Type of Man She Wants:
-Doctor (cardiologist, orthopedic surgeon, anesthesiologist, pediatrician, etc.), high-earning entrepreneur, or other high-paying professional
-Comes from a good/wealthy family
-Well-educated, went to a good school
-Put-together, stable, takes the lead but values wife equally
-Has friends but not overly social/popular
-Charismatic but not over-the-top
-Relatively attractive, tall, great personality
-Family-oriented, prioritizes wife and children
-Medium work hours; flexible doctor or business owner
-Wants kids as soon as possible
-Will take the lead on finances but values her input for household and family decisions

Questions:
What are her realistic chances of attracting a man like this?
How much do her introverted, very quiet personality and lack of hobbies affect her desirability?
Does her lack of driving or career ambition matter at this level?
How does her selective domestic commitment (hates chores/cooking but perfect for husband, always well-groomed, hosting, caring) play in long-term marriage?
Any other traits or behaviors she should adopt to increase her chances?

Not judging—just genuinely curious what people have actually observed in real life.


So basically she doesn't want to be a good earner or a good SAHM.
Anonymous
The only way I can think of this working as if she married a doctor who was on the spectrum who didn’t care about socializing at all.

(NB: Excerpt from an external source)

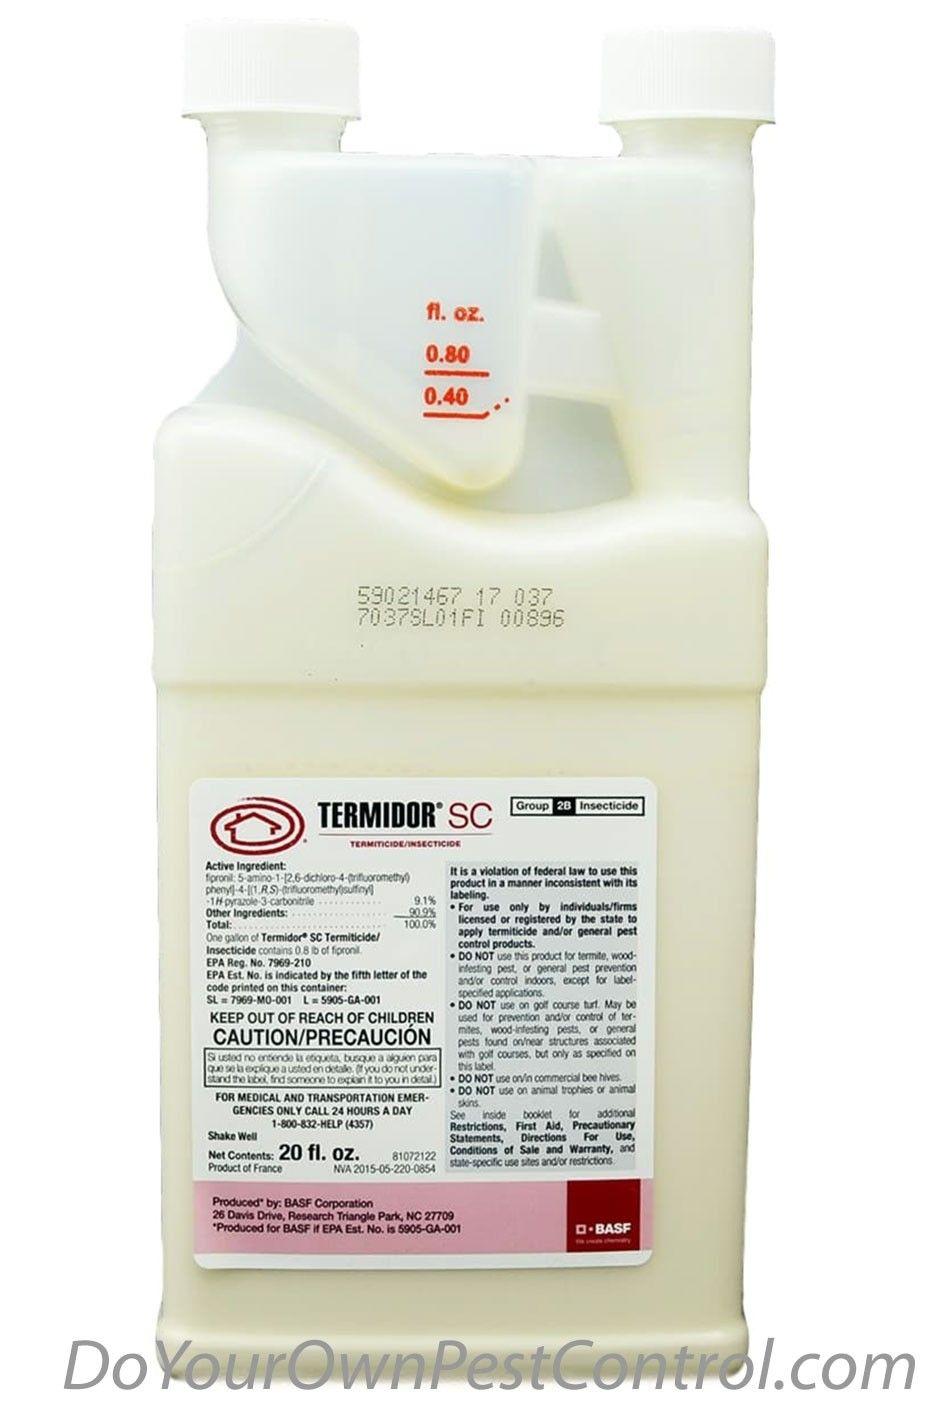 Termidor Sc In 2020 Termite Control Active Ingredient Insecticide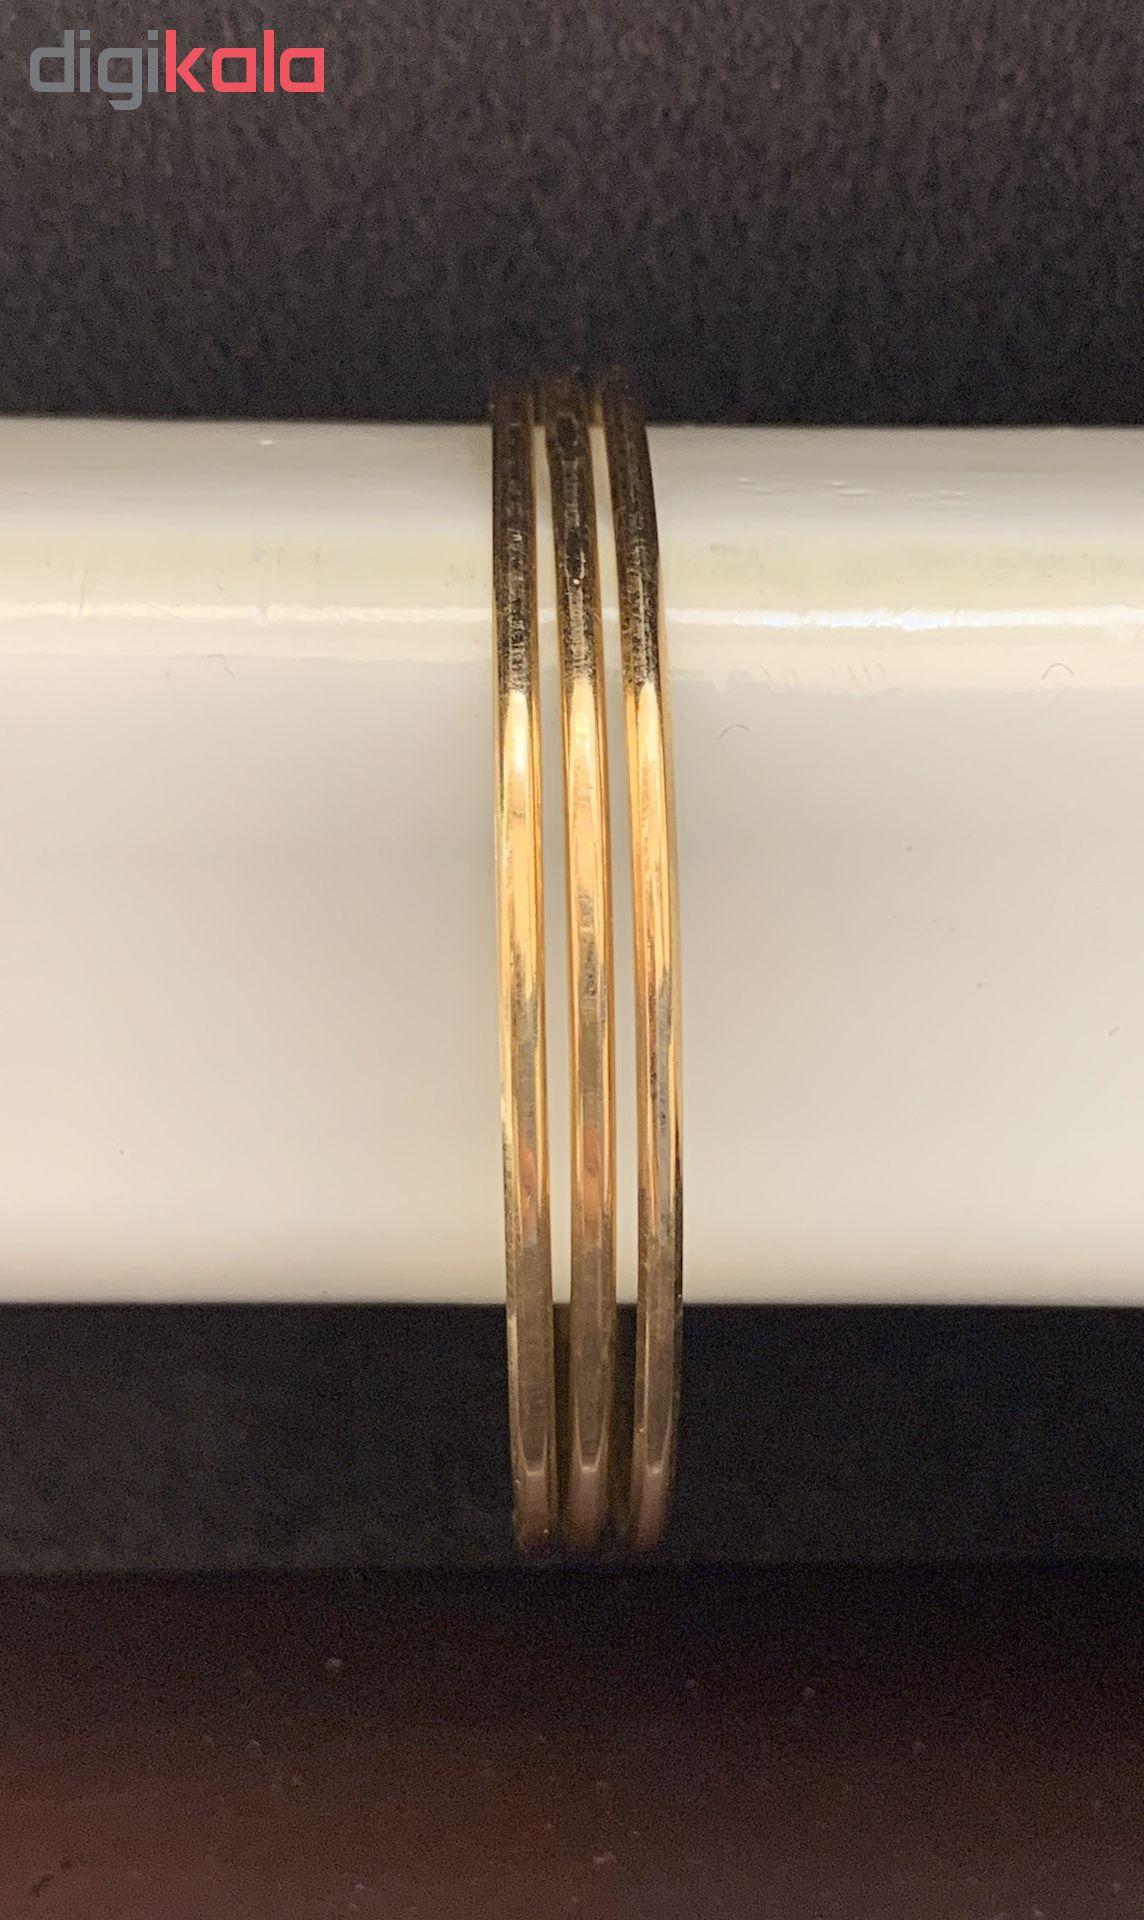 النگو طلا 18 عیار گوی گالری مدل G262

And they lived in a major city where you didn’t have a car and got around other ways, because not being able to drive as a SAHM is a huge issue. Aside from that, maybe her spectrum guy is disorganized and messy and likes eating takeout all the time, in which case she won’t actually have to do homemaker stuff. If she hates cooking/cleaning, but thinks she’s going to somehow do it for her husband, she’s not going to be happy.
Anonymous
If they live in an urban area with mass transit and easy availability of Uber etc. , driving isn't an issue but in a suburb or rural area, she needs to drive to survive.
Anonymous
She'll make a great life partner for a busy and ambitious surgeon.
Anonymous
She better keep her looks and suck a golf ball through a garden hose to have chance of gaining and keeping the type of man she wants.
Anonymous
Go for short and below average looking men.
Anonymous
If she has a degree from a top college, that would make up for her lack of professional qualifications.
Anonymous
Anonymous wrote:Unemployed for life: strike one

Mental health issues: strike two

No life: strike three.

Honestly, she sounds kind of incel-ish. She needs a life outside of brushing her hair and looking in the mirror. For her own sake.


Interesting. It does sound like the entitled flipside of that, doesn’t it?
Anonymous
If she is great at hosting and event organizing then she can handle social life.